This In Practice piece gives a practitioner’s perspective on the article “Optimal Tilts: Combining Persistent Characteristic Portfolios,” by Malcolm Baker, Ryan Taliaferro, and Terence Burnham, published in the Fourth Quarter 2017 issue of the Financial Analysts Journal.
What’s the Investment Issue?
Investors employ factor-based analysis to generate stock returns by combining their chosen factors in a single portfolio or by assembling multiple single-factor portfolios. Such investors attempt to create the optimal mix of factors—defined by the authors as a stock’s deviation from the return predicted by the capital asset pricing model—to generate the best risk-adjusted returns.
Finding the best way to compare factors is critical to investor decision making. The authors identify two types of factors: one type that is long-lasting and persistent and another that is less persistent and entails high-frequency trading and higher costs.Comparing the gross returns of the two types, the authors argue, is akin to comparing apples with pears. Investors need to consider how implementable each factor is by considering the costs—principally, trading and liquidity costs—when comparing and weighting factors.
How Do the Authors Tackle the Issue?
In order to compare apples with apples, the authors divide the seven most-recognised factors—which have been identified in the academic literature as having the highest risk-adjusted returns—into “tilts” and “trades.” They define tilts as factor-based strategies that are easily implementable because they have relatively low annual turnover or allocate to large-cap stocks, which are very liquid and thus readily traded. For example, the small-size factor requires minimal trading, because small stocks this year are likely to remain small next year.

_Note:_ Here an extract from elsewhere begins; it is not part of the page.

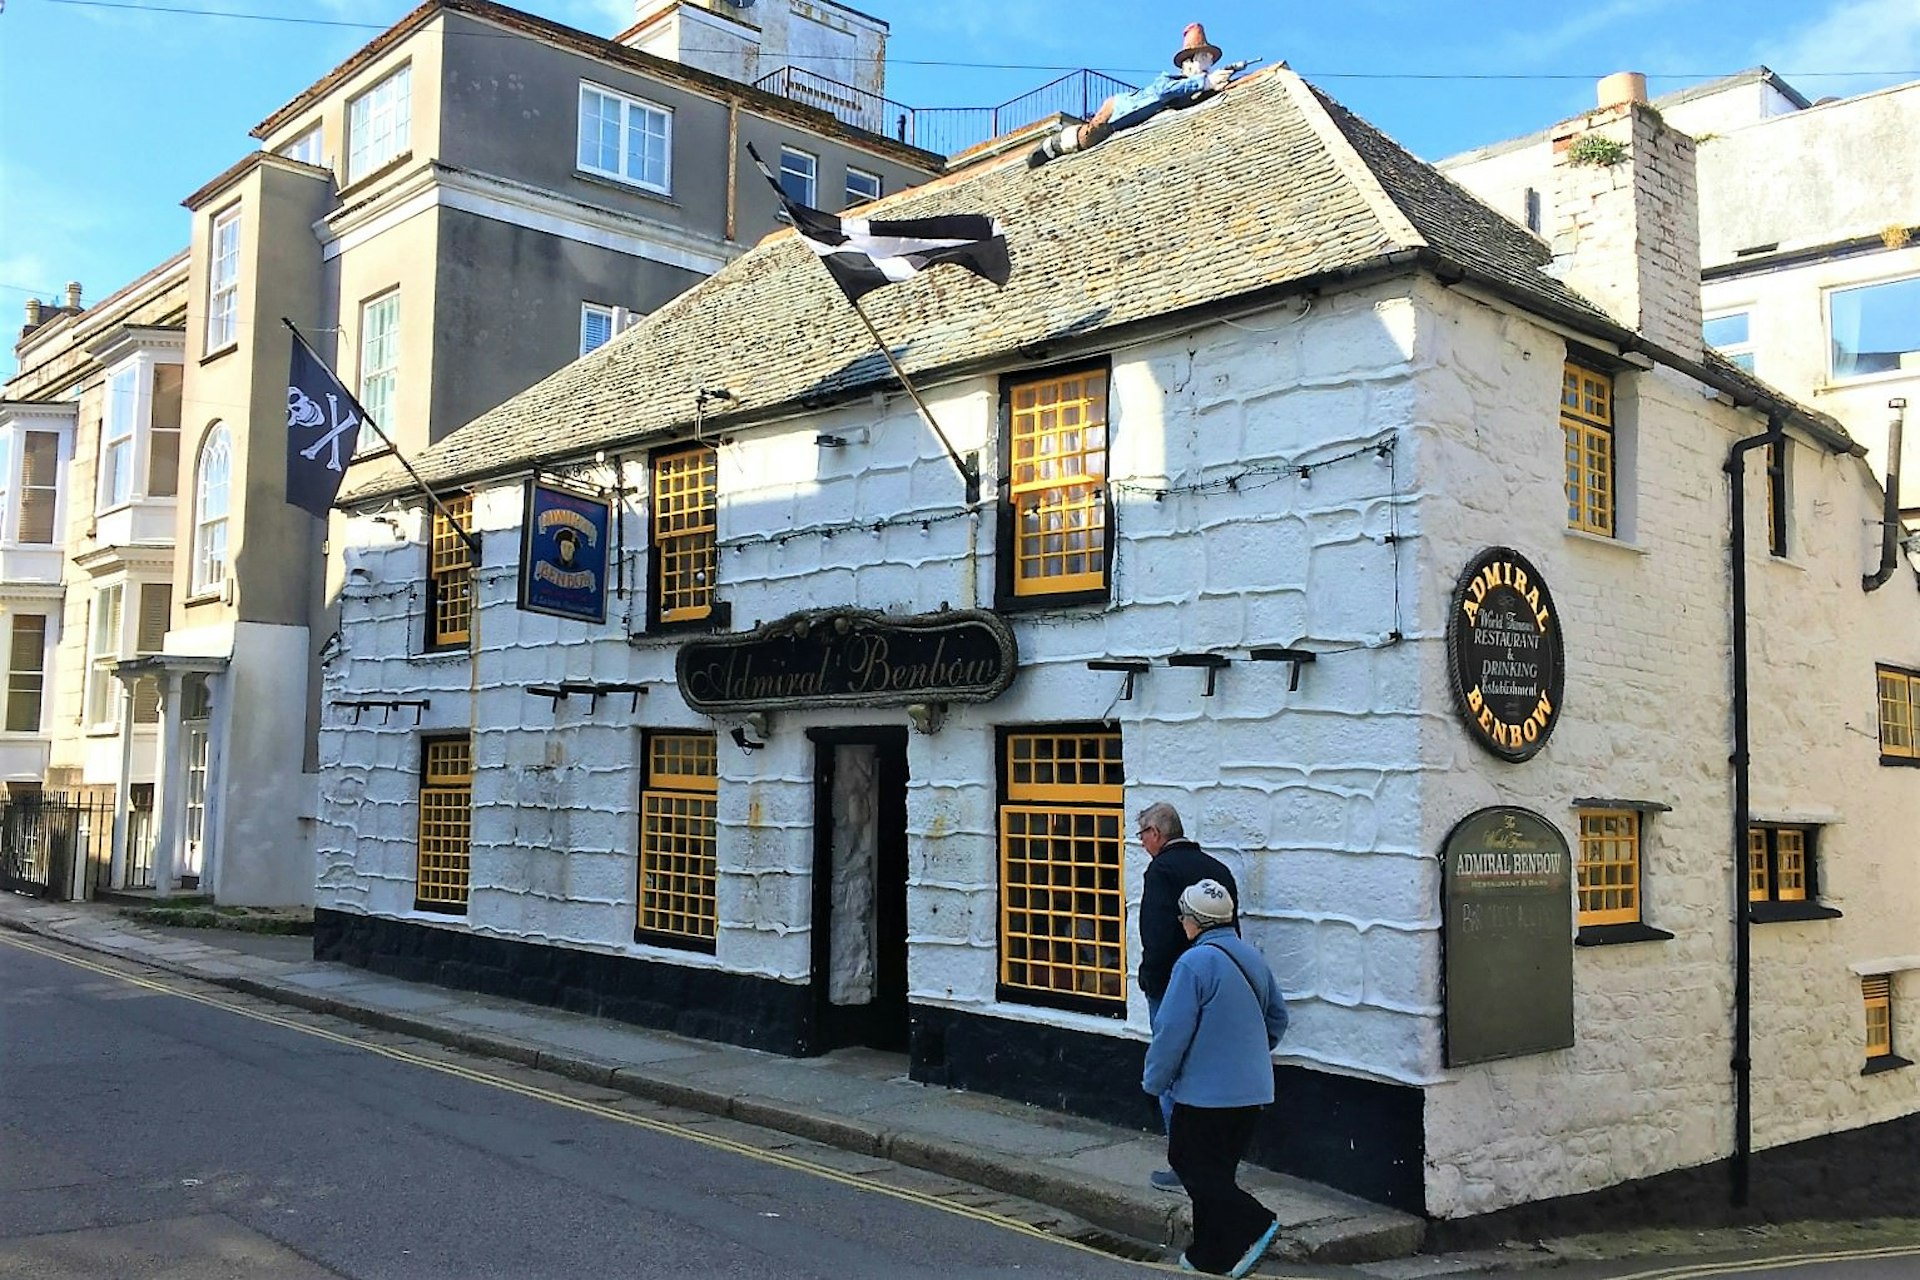 The Admiral Benbow is one of many historic pubs serving great food © Emma Sparks / Lonely Planet

The tilts selected for this study are low beta (better known as “contrarian investing”), value (using fundamental accounting measures), small size (investment in small-cap stocks), and high profits (growth investing).
Trades, on the other hand, require much more frequent rebalancing. The trades in this study are defined as low growth, momentum, and high-frequency reversal. The authors categorise the low-growth factor as a trade because its annual turnover is high, at around 70%, and because it relies on small stocks. As a result, trading costs are high and liquidity is relatively low.
Finally, the authors add fixed-income tilts designed to capture duration and credit risk.The authors create long–short portfolios using each factor, based on data 1968–2014, and compare them from the points of view of both risk and return budgets.
What Are the Findings?
Based on the costs of implementation and the difficulties of computing these costs, the authors focus solely on the optimal mix of the four “tilts.”
Risk–return is highest when the tilts are more or less equally weighted, the authors find—that is, allocating a 26% share to small size, 24% to a low-beta tilt, 23% to high profits, and 20% to value. The remaining portfolio is allocated to the two bond market factors: duration and credit. This optimal blend produces an average return per month of 3.3%, with an annual Sharpe ratio of 1.0.The large weighting to the low-beta factor contrasts with findings of previous studies, which claim that low-risk strategies are subsumed by the value and high-profit factors. In fact, through the apples-to-apples comparison in this study, it is shown that the low-beta tilt is not subsumed by other tilts. The authors find that much of the risk and half of the return of low beta are unexplained, putting it on a par with the value and profitability factors as a driver of stock returns.
What Are the Implications for Investors and Investment Professionals?
The authors show that by excluding “trade” factors, it is possible to create an optimal mix of tilts that delivers a high Sharpe ratio. That mix is, roughly speaking, an equal allocation of the funds in the equity portfolio to each of the four tilts.
According to the authors, the common practice of mixing and matching tilts and trades is illogical. For example, creating a portfolio of small-cap value stocks produces statistically positive alpha. In contrast, a value strategy based on large stocks would produce a portfolio with statistically negative alpha. Similarly, long–short portfolios of small stocks would produce higher alpha than long-only small-stock portfolios.When implementing this strategy, allocations to the tilt portfolios, to the index, and to cash depend on the desired level of risk. By focusing on tilts and excluding trades, the authors have designed the strategy to be most relevant to large-scale equity investors, such as pension funds, endowments, and sovereign wealth funds.